The recent surge in producer prices in China will not likely to drive up costs for consumers, says JPMorgan Private Bank’s Alex Wolf.
“We don’t see (producer inflation) really going into consumer prices. They’ve risen a bit, but we don’t see much of a further rise in consumer prices that would force the (People’s Bank of China) to act in any way,” said Wolf, who is head of investment strategy for Asia at the firm.
Producer inflation “has likely peaked and likely come down,” while consumer prices in some cases are also appearing to peak, he told CNBC’s “Street Signs Asia” on Monday.
Soaring production costs in China, largely due to surging commodity prices, have cut into profits for manufacturers. Official data released over the weekend showed profits at China’s industrial firms rose 36.4% in May compared to a year earlier — slower than the 57% year-on-year growth posted in April.
Meanwhile, data released in early June showed China’s producer price index in May jumped 9% compared to a year ago — the fastest clip since 2008, while the consumer price index climbed 1.3% year-on-year in May. It was the largest gap on record between the speed at which producer prices and consumer prices climbed.

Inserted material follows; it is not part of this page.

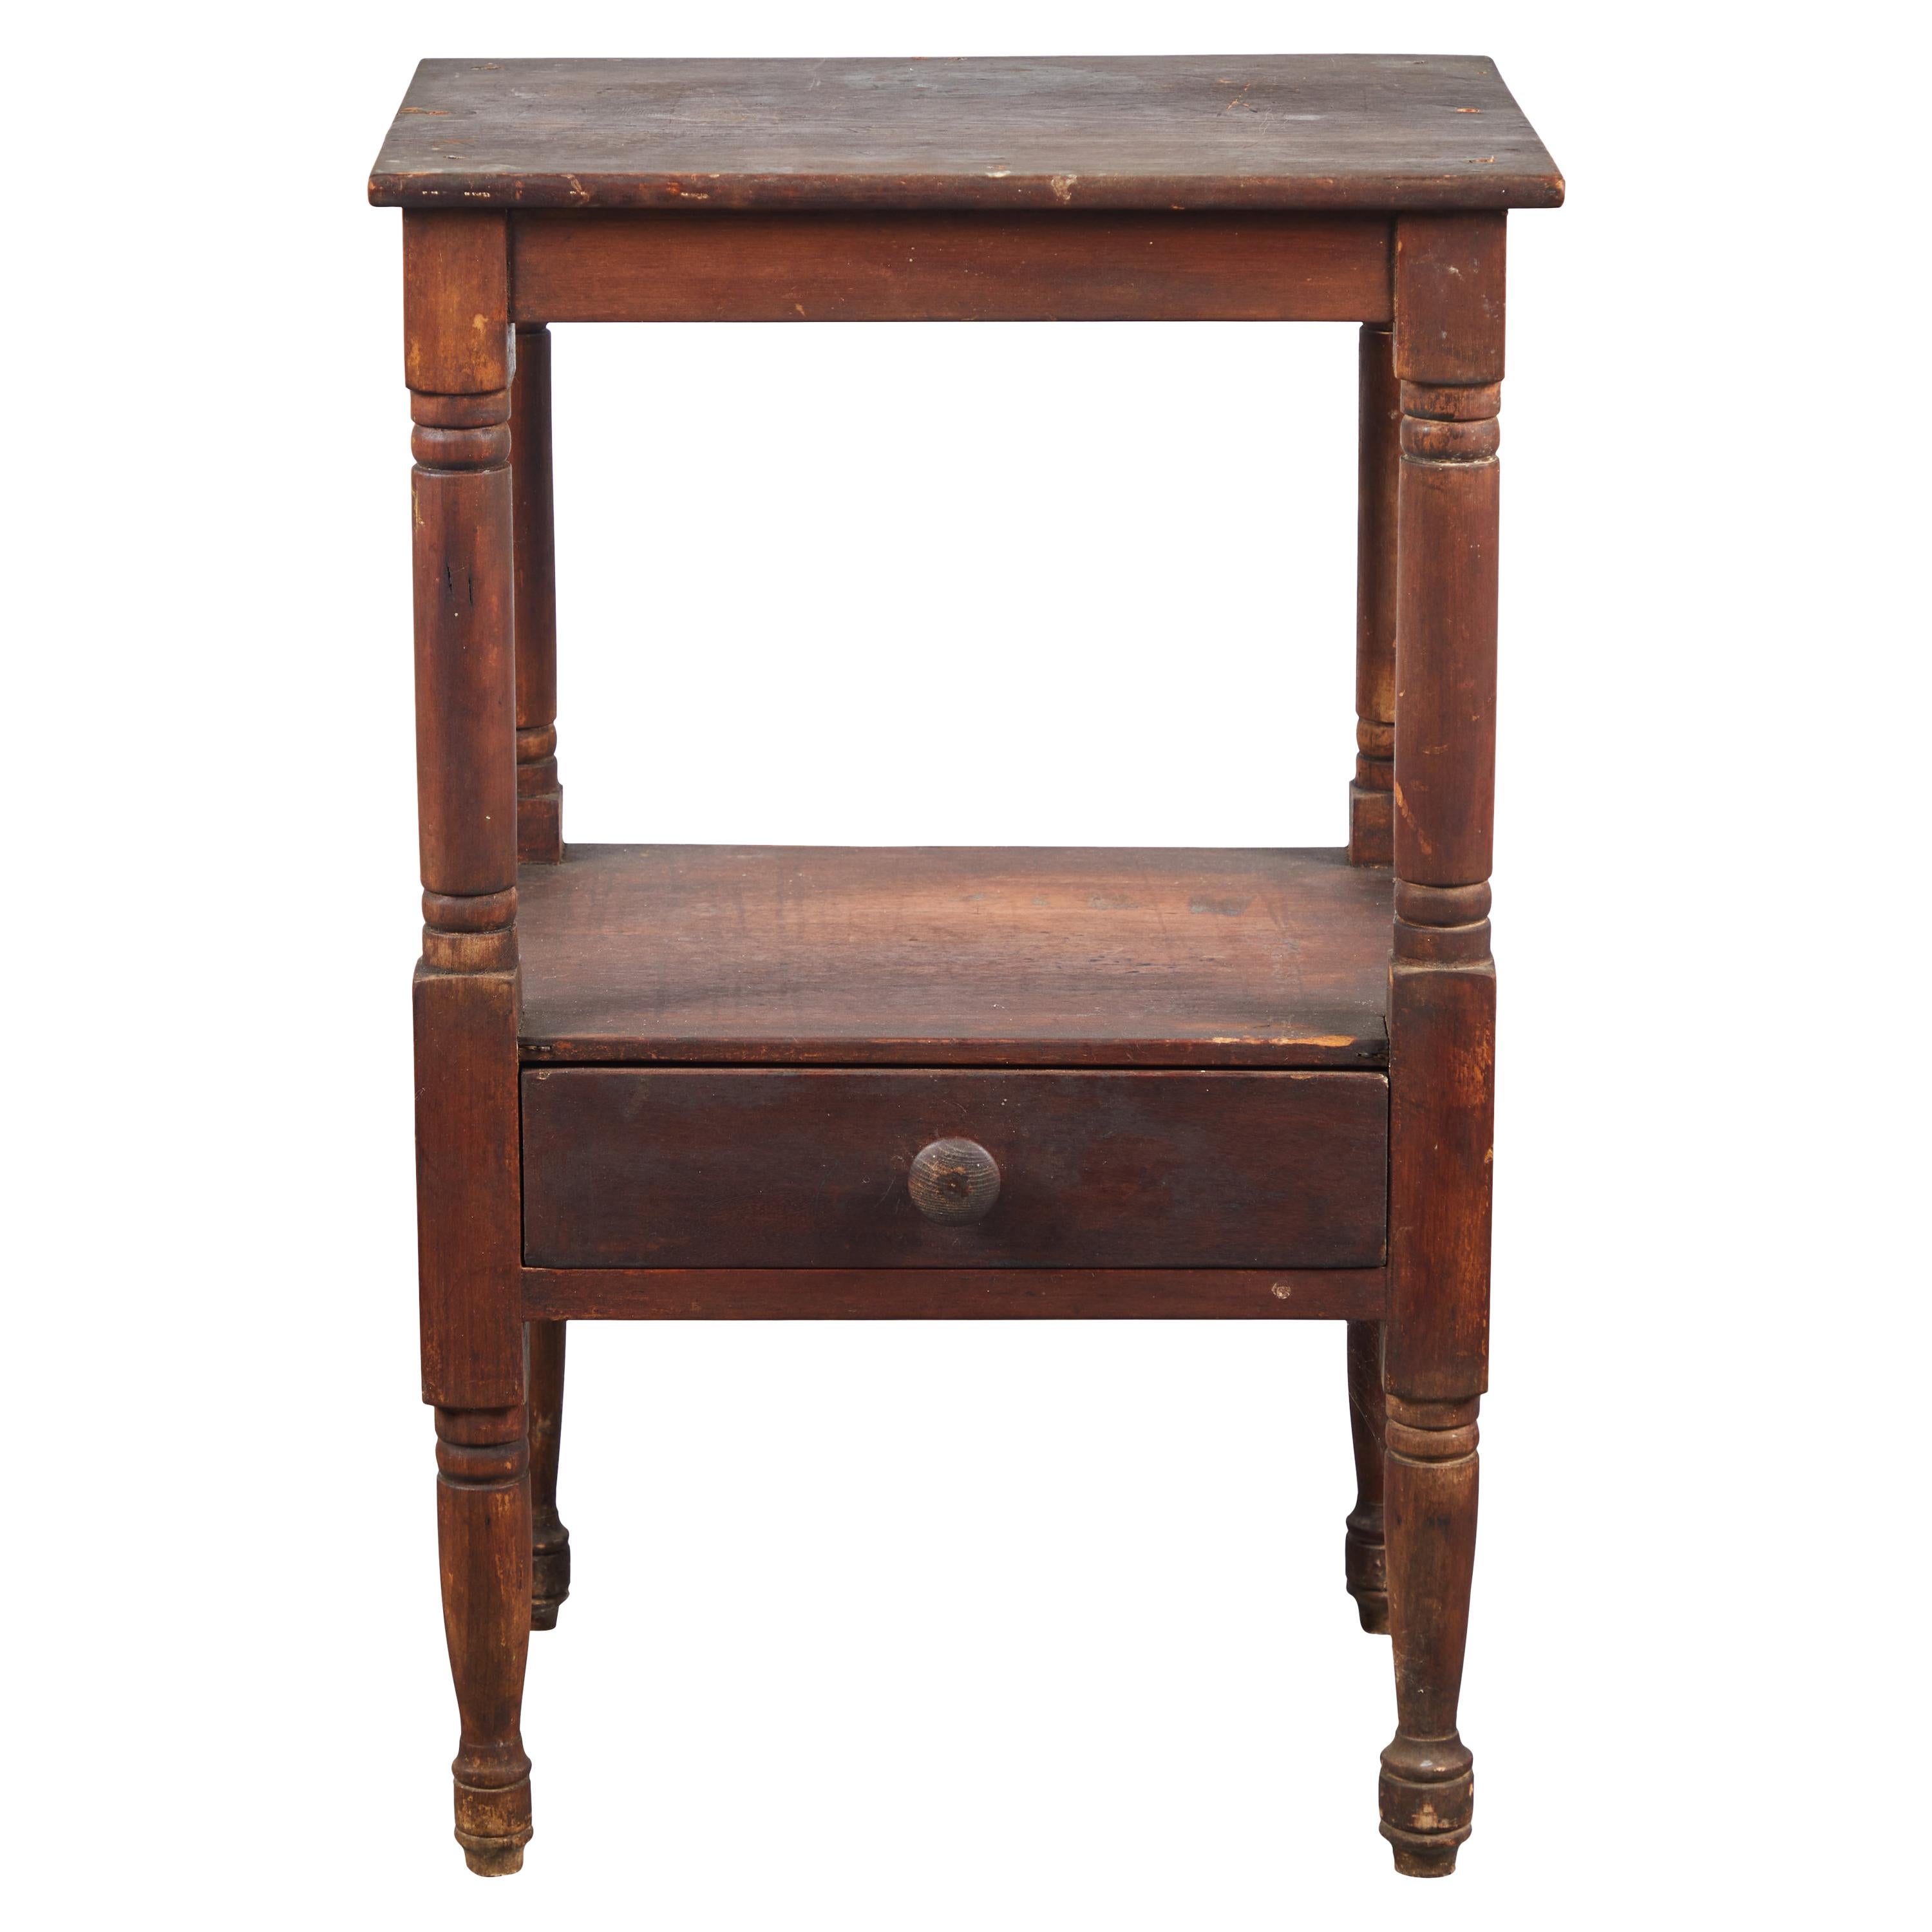 Early American Rustic Side Table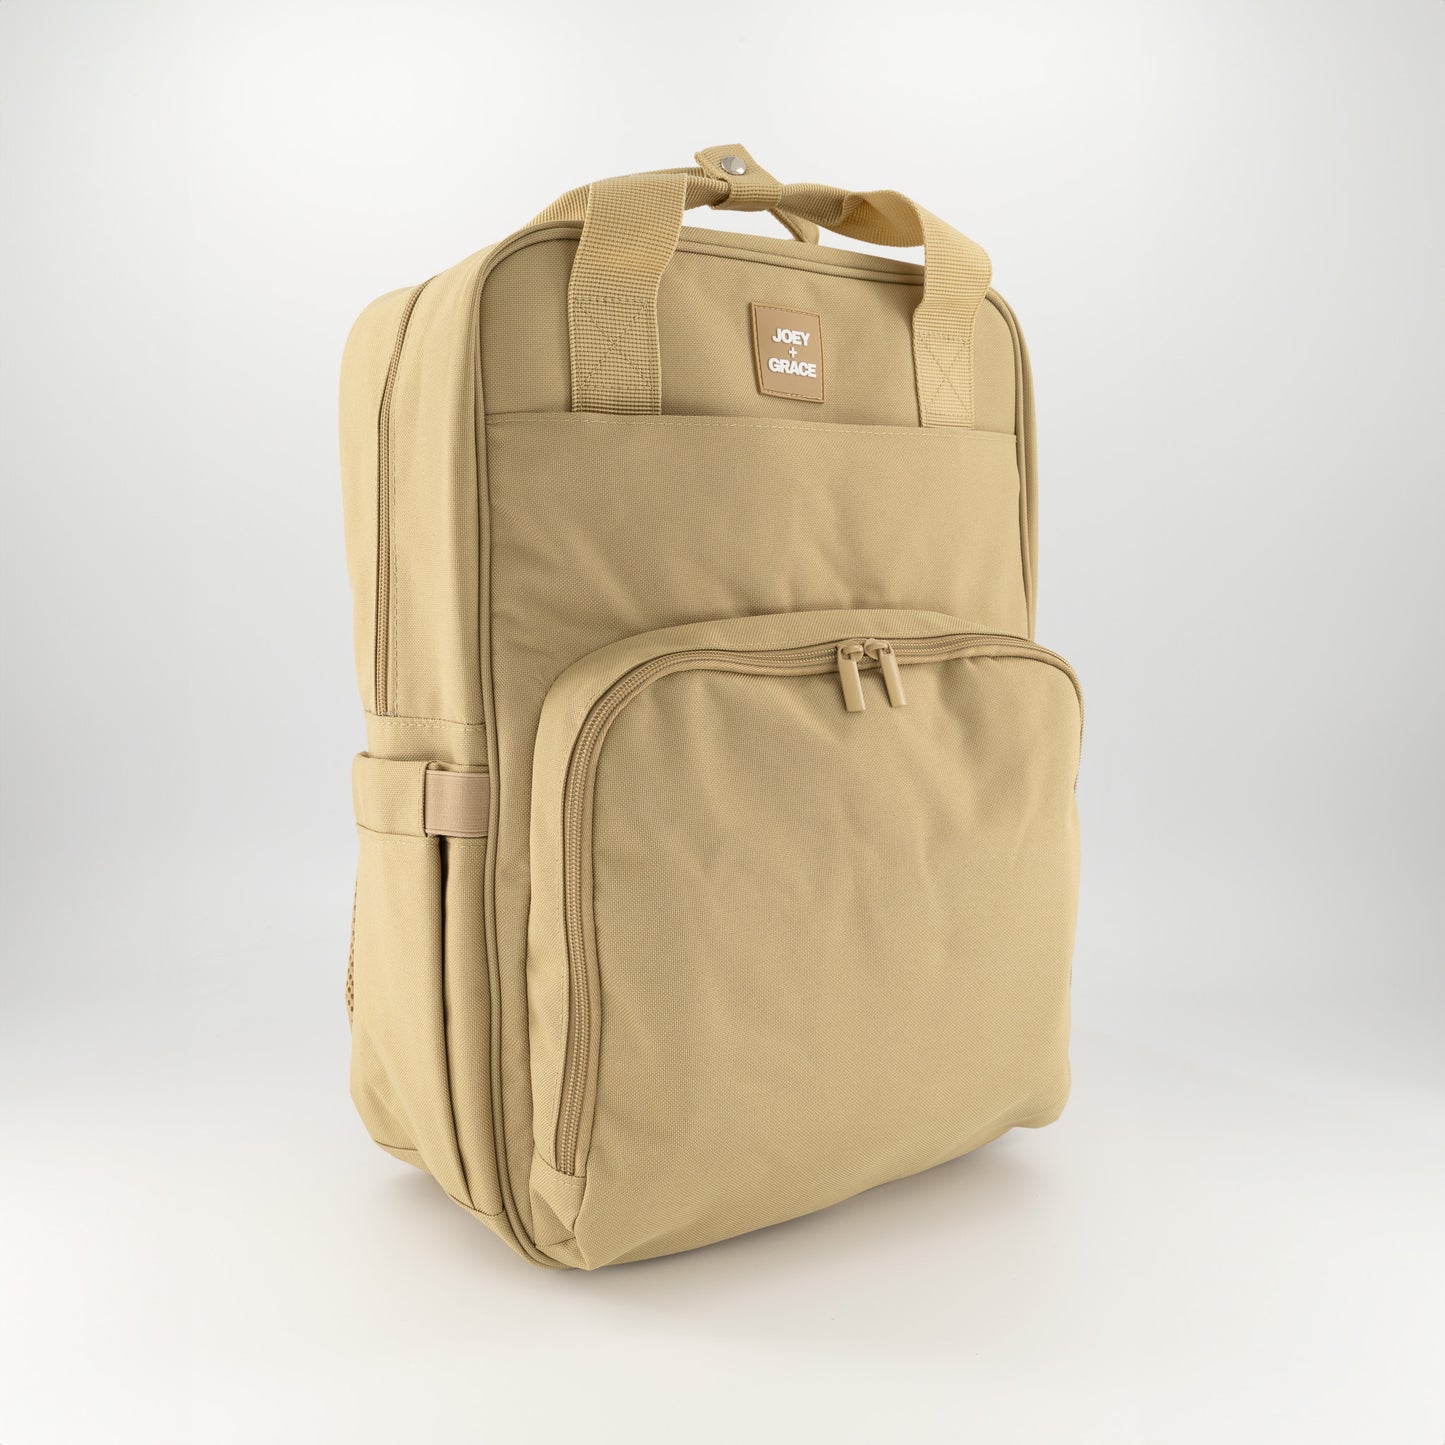 The Camy Nappy Backpack (Sandy Beige)

“There’s not a very clear relationship between producer prices and consumer prices historically,” Wolf said.
“You’ve only seen a few instances where high producer prices do trickle down to consumer prices,” he said. “Producer prices are almost entirely driven by commodity prices.”
He added that “the only time” historically that producer inflation has has trickled down into consumer prices is “when there’s really strong consumer demand” — a situation that seems implausible for now given the sluggish recovery in Chinese retail sales.